Archive for August, 2016

DEATH IS FINAL

August 7, 2016

My First husband (H1) tried to console me when we first separated in 1972.

“It is not so bad than if I had died.  If I died, it would be final.  At least now, if you need me, I can still go and see you.”

I chose to cut the ties. I couldn’t take sharing him with other women. It was all or nothing for me.

I found Second Husband (H2), who was a “10” in everything. He was intelligent, thoughtful, considerate, wonderful to all the children, including those I brought with me to the marriage, and gentle with me. We married, and I never had to see H1, ever. Not even now. H1 was as good as dead to me.

After several illnesses, God took away H2. It was a swift death, just as he wanted. No lingering days at the hospital. No nurses, no pain.  We were on a holiday. We were riding a boat, and a huge wave capsized our boat. The boat must have hit him, his weak heart panicked, and he was gone in an instant.

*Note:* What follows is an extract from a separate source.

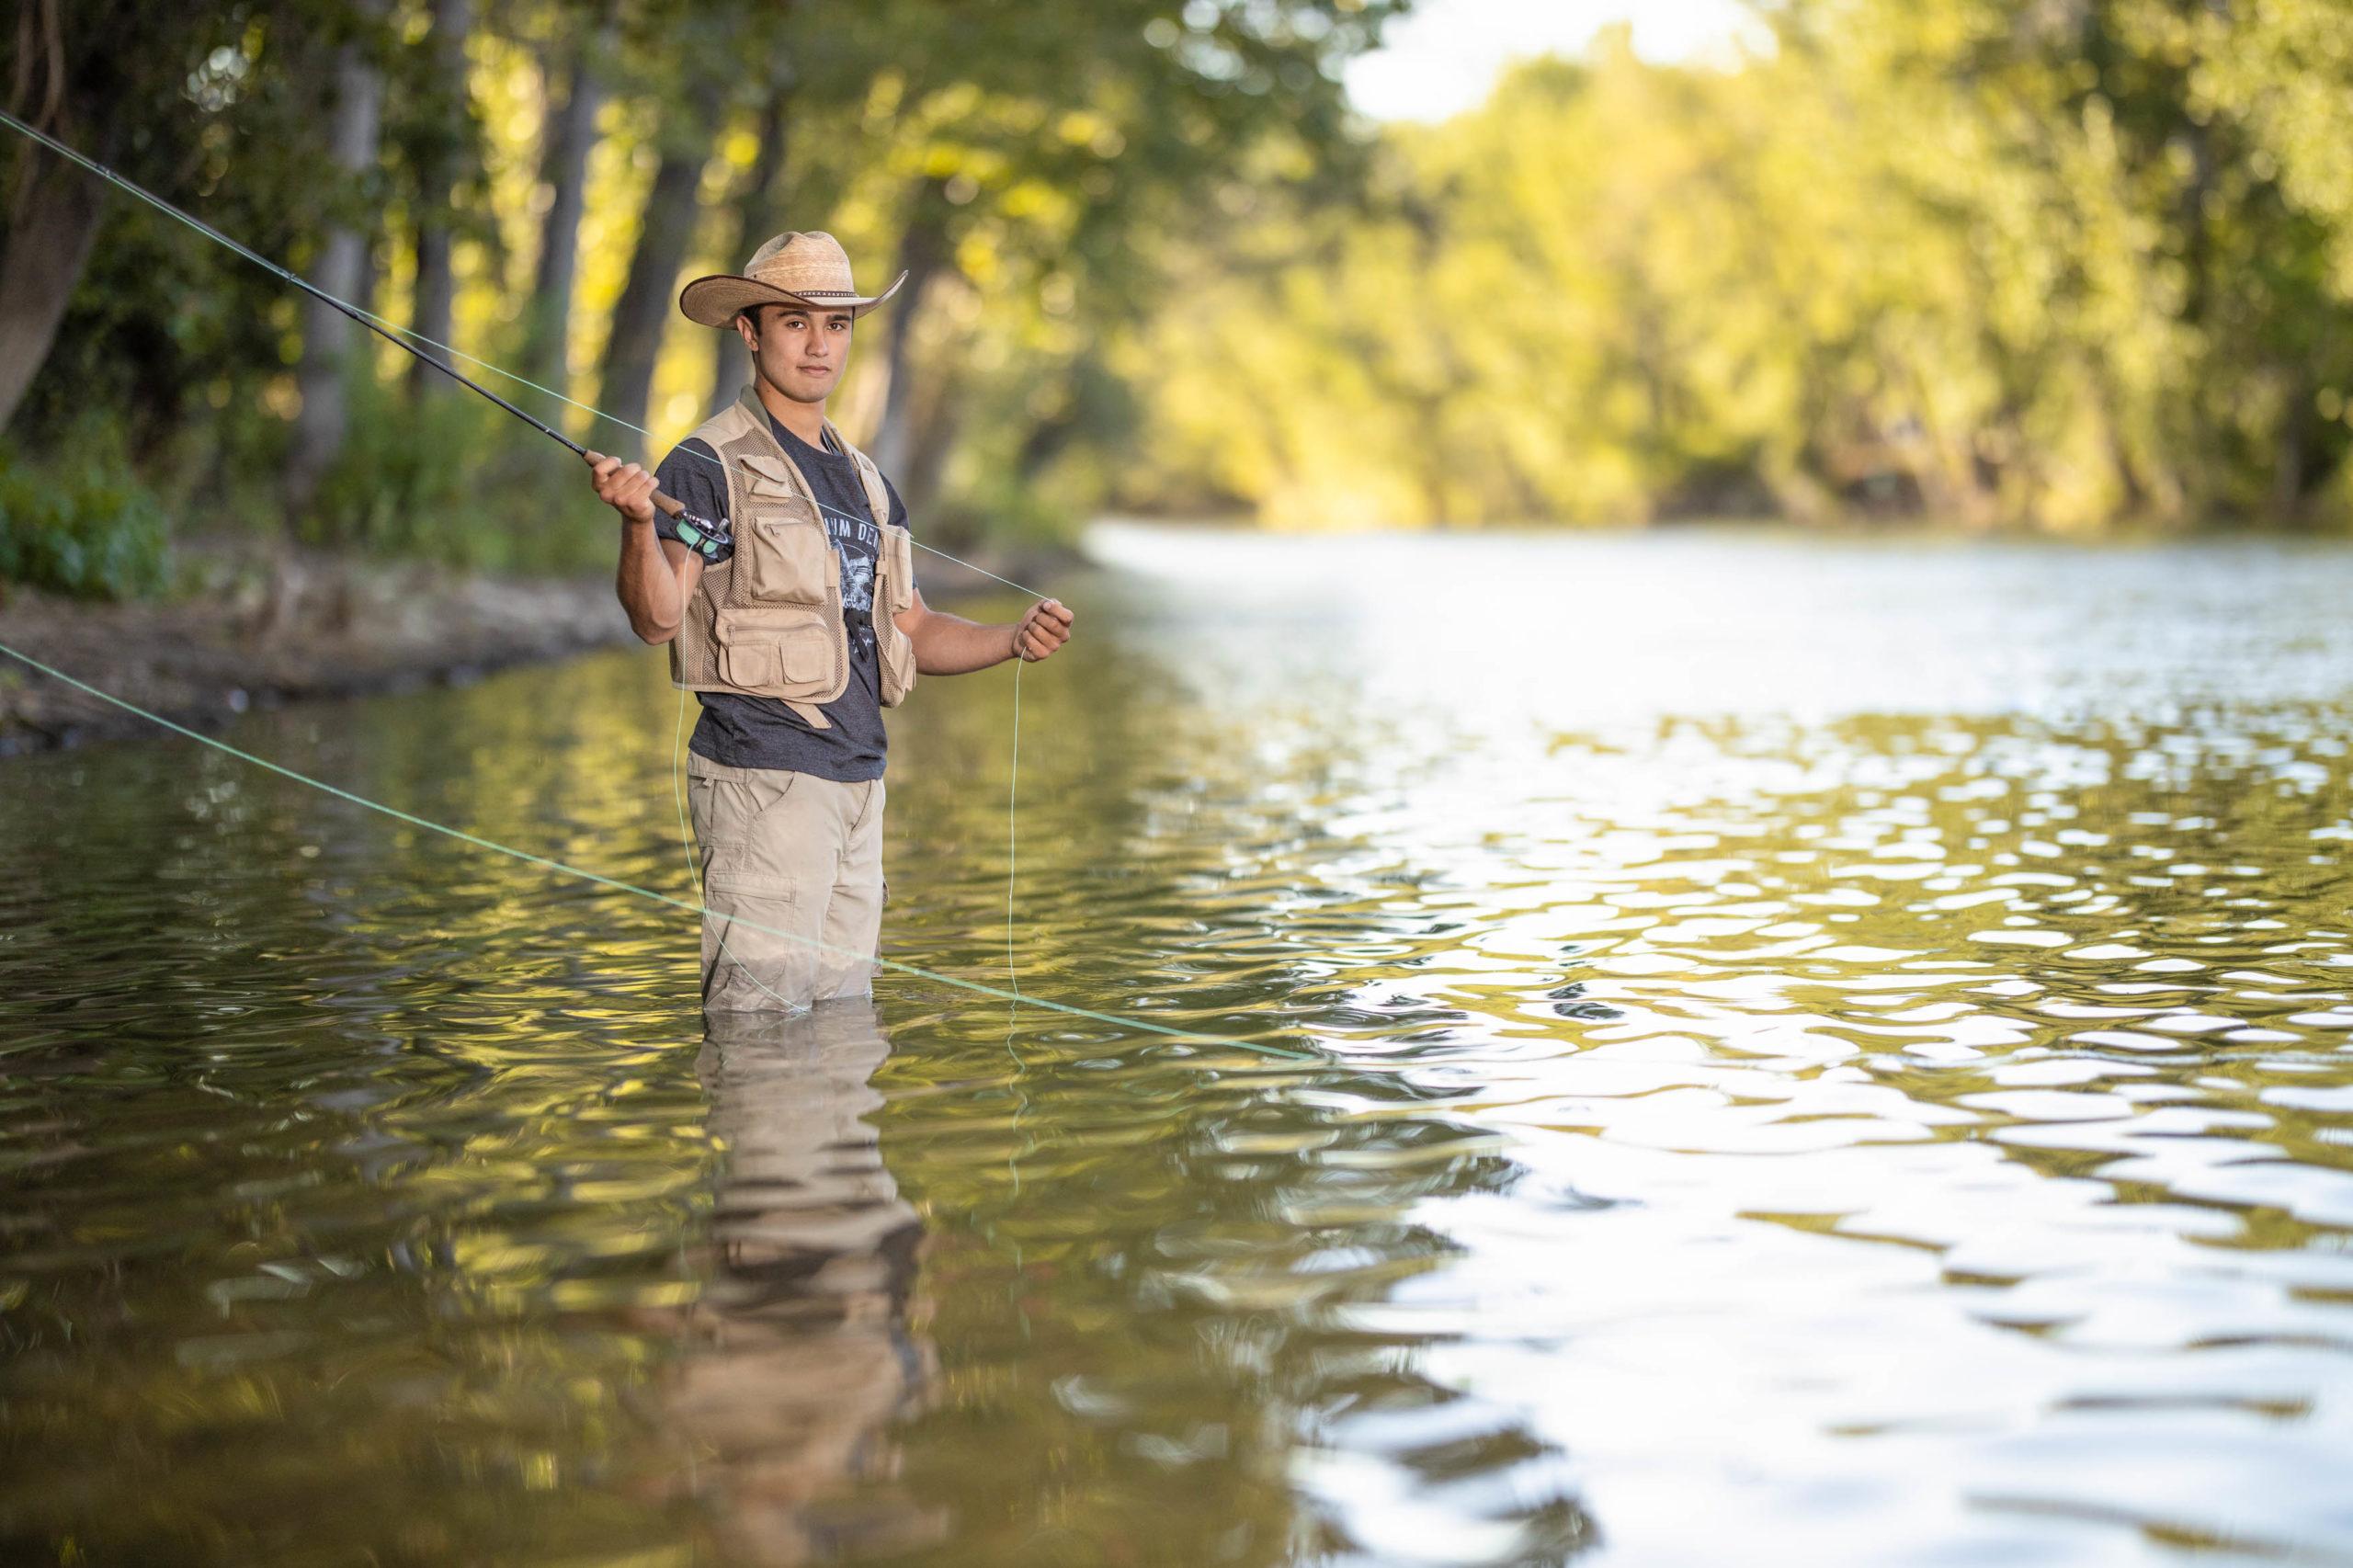 senior boy fly fishing in the Boise River in Idaho

The children came to say good-bye. Then they went back to their lives.

Our last child left the house twenty years ago. So it was just H2 and I, living our life the way we wanted, just the two of us.

I am still asking questions: should I pursue the projects that he had dreamed? Should I continue the projects that I planned? Should I do both? Or should I sell everything and “enjoy myself”?  What would make me “enjoy myself” other than continuing the dreams H2 and I had set out to do before we died?  I think I had answered my own question.